Sudden onset of sleepiness and sleepiness:

Sifrol has been associated with episodes of drowsiness and sudden onset of sleep, during daily activities, in some cases with periods of unconsciousness.

Patients who have experienced drowsiness or an episode of sudden onset of sleep should refrain from driving vehicles, operating machinery or performing any activity that requires a state of alertness.

It can be considered a reduction of the dose or the completion of the therapy.

Disorders of impulse control and compulsive behaviors:

The onset of attitudes such as pathological gambling, increased libido and hypersexuality have been reported in patients treated with dopamine agonists for Parkinson’s disease, including Sifrol.

In addition, other behavioral symptoms of impulse control disorders may appear.

For these cases should be considered the reduction of the dose or the interruption of the treatment.

Patients with psychotic disorders:

Patients who present with psychotic disorders should only be treated with dopamine agonists if the potential benefits outweigh the risks.

Ophthalmological monitoring:

It is recommended to perform ophthalmological monitoring at regular intervals or to report to the doctor if abnormalities occur in the vision.

Severe cardiovascular disease:

In case the patient suffers from severe cardiovascular diseases, care must be taken.

Regular control of blood pressure is recommended, especially at the beginning of treatment, due to the risk of the onset of hypotension associated with dopaminergic therapy.

Neuroleptic malignant syndrome:

The appearance of symptoms suggestive of neuroleptic malignant syndrome has been reported when abrupt withdrawal from therapy occurs.


Sedatives and alcohol:

In view of the fact that Sifrol can produce these possible additive effects, caution should be exercised when patients are taking other sedative drugs or alcohol in combination with Sifrol.

Inhibitors and competitors of the active pathway of renal elimination:

Medications such as cimetidine, amantadine, mexiletine, zidovudine, cisplatin, quinine, and procainamide may interact with sifrol and result in reduced clearance of sifrol.

In these cases, a reduction in the dose of sifrol should be considered when these medicinal products are concomitantly administered with Sifrol.


When Sifrol is administered in combination with levodopa, it is recommended that the dose of levodopa be reduced and the dose of other antiparkinson drugs kept constant while increasing the dose of Sifrol.

Antipsychotic medications:

The concomitant administration of antipsychotic medications with Sifrol should be avoided.


The effect of Sifrol on pregnancy has not been investigated in humans.

Sifrol should not be used when the patient is pregnant, unless the potential benefit to the patient justifies the potential risk to the fetus.
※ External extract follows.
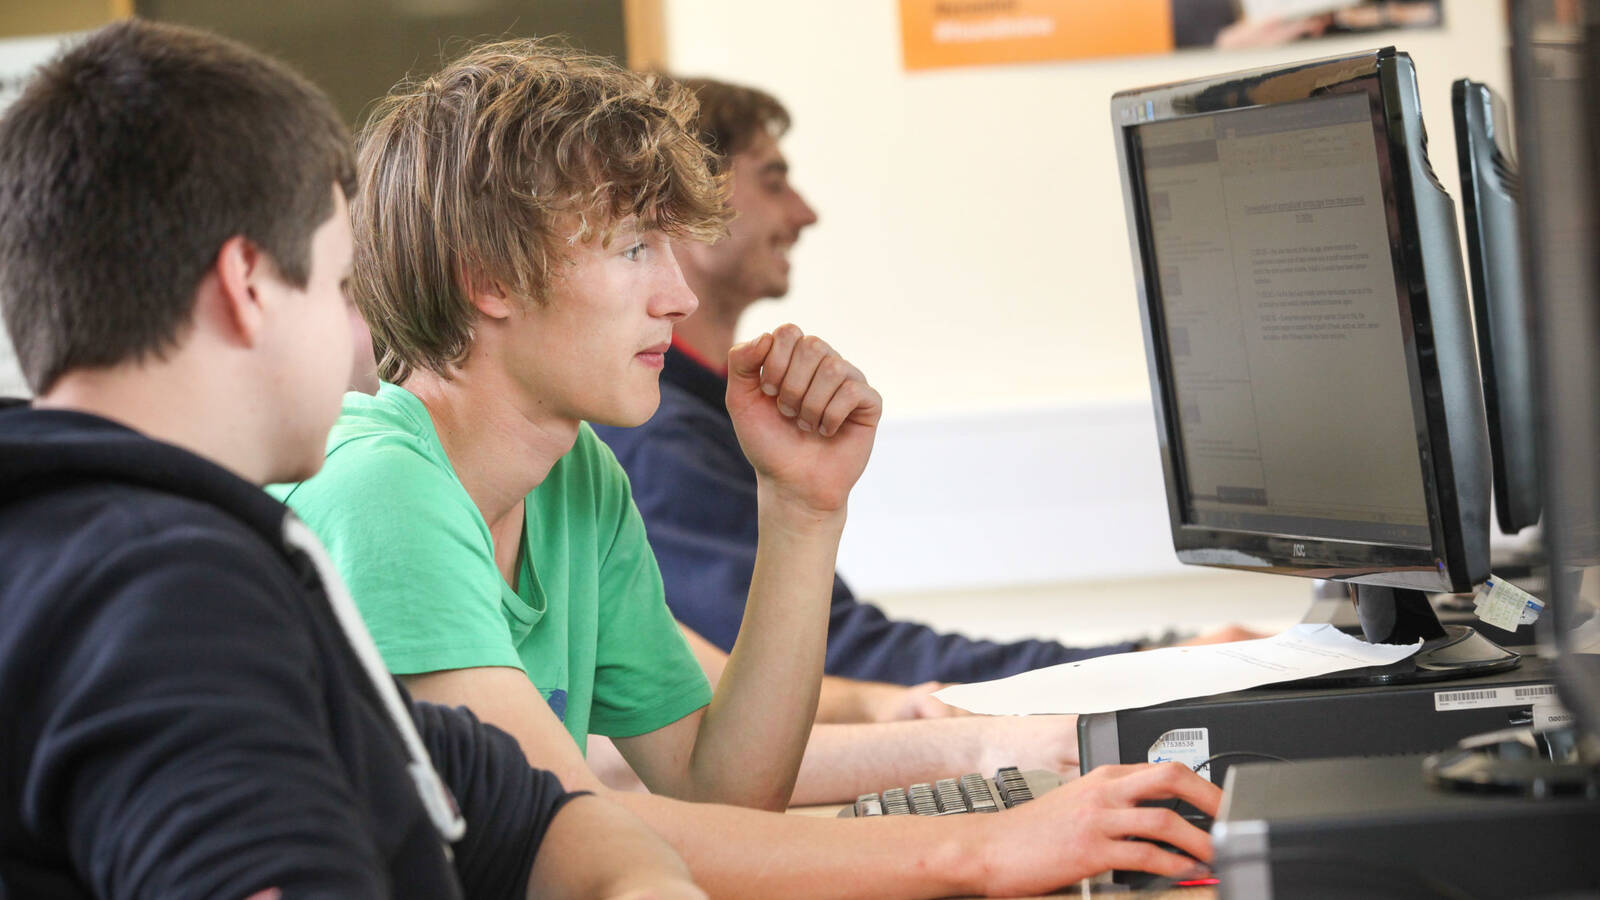 Three Glynllifon learners working in the computer room

Treatment with sifrol inhibits the secretion of prolactin in humans.

The excretion of sifrol in breast milk has not been studied in women, however, if its use is unavoidable, it is advisable to inhibit lactation.


No studies have yet been conducted on the effect of Sifrol on human fertility.

In animal studies, as expected to be a dopamine agonist, Sifrol affected estrogen cycles and reduced female fertility.

But, these studies did not indicate harmful effects, direct or indirect with respect to male fertility.